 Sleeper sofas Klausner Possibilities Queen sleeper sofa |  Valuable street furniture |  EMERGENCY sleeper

* * *

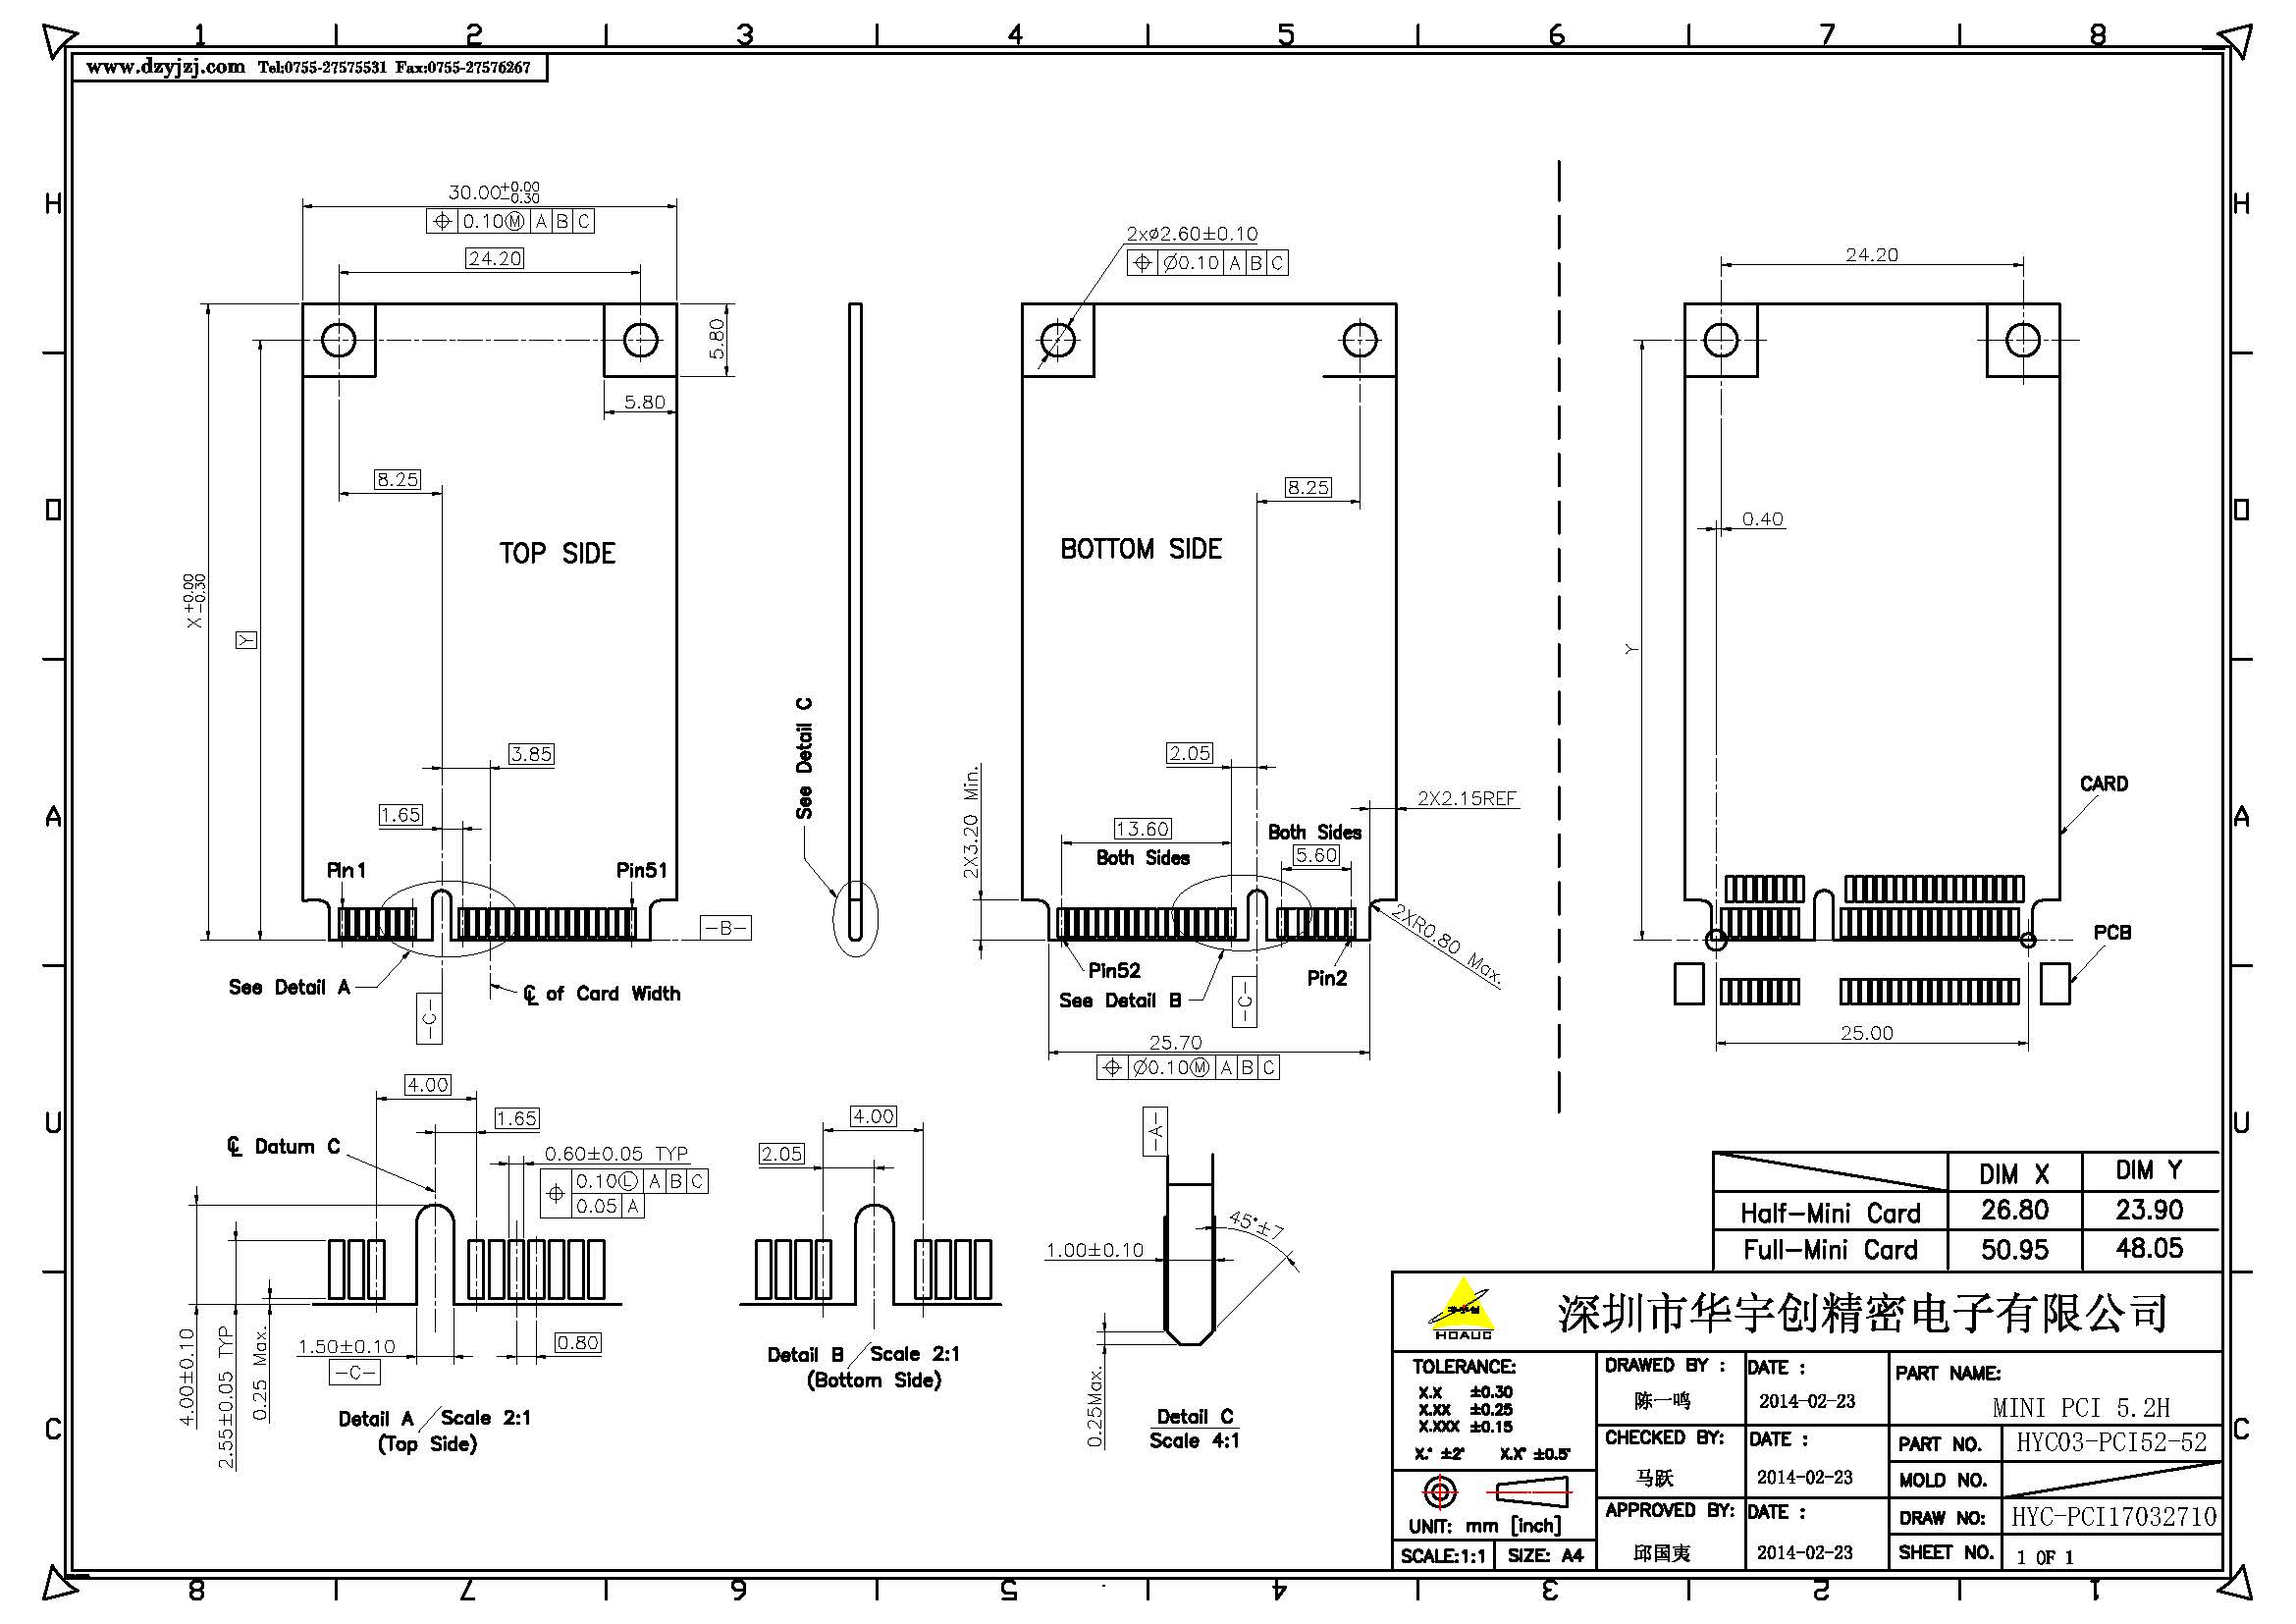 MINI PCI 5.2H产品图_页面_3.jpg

* * *

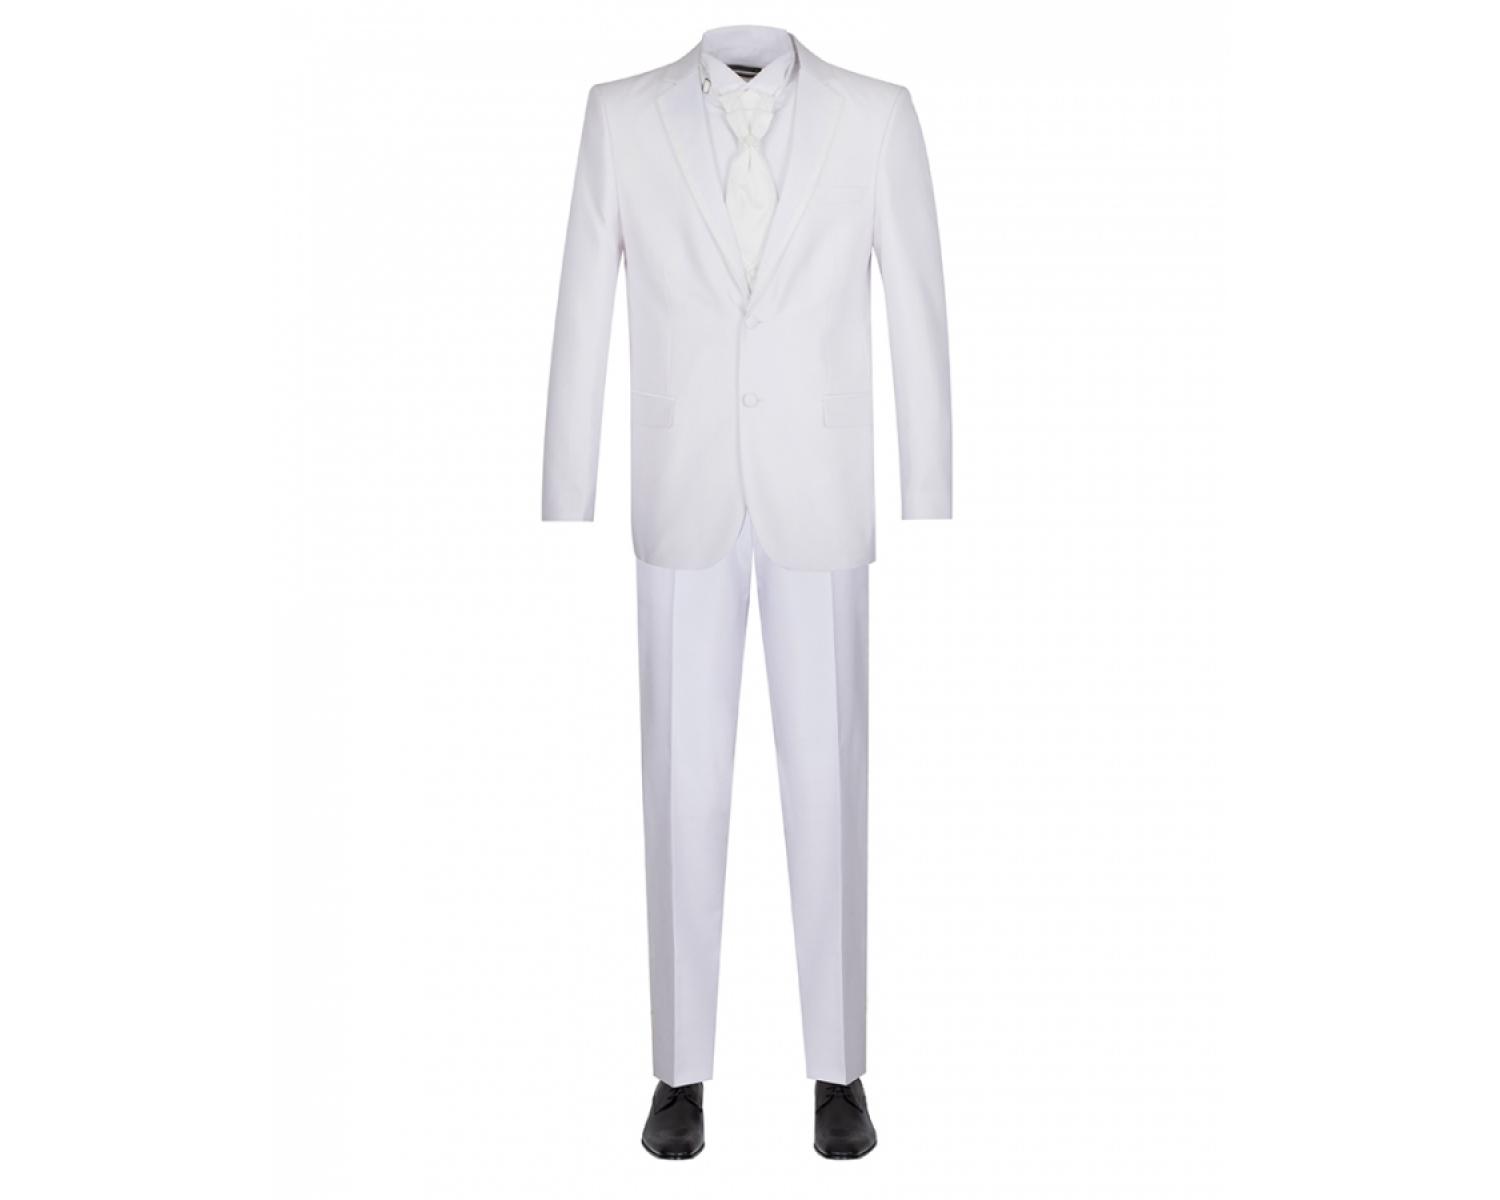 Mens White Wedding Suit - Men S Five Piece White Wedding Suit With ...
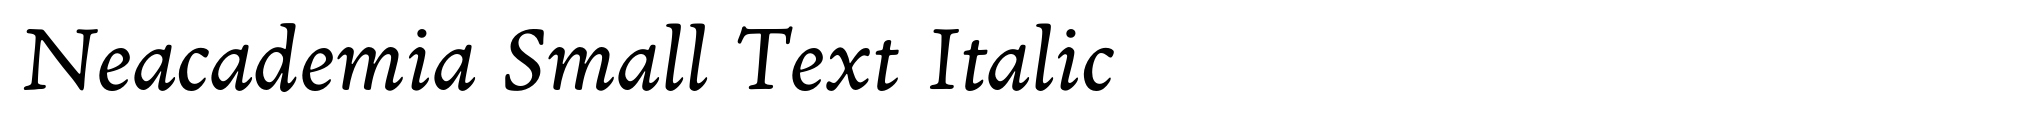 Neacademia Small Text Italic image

- [Exercise]
Print exactly, with no pictures, the lines above from the one that holds "Mens White Wedding" through the one that holds "Neacademia Small Text Italic image", both of them included.

- [Answer area]
 Mens White Wedding Suit - Men S Five Piece White Wedding Suit With ...
 Neacademia Small Text Italic image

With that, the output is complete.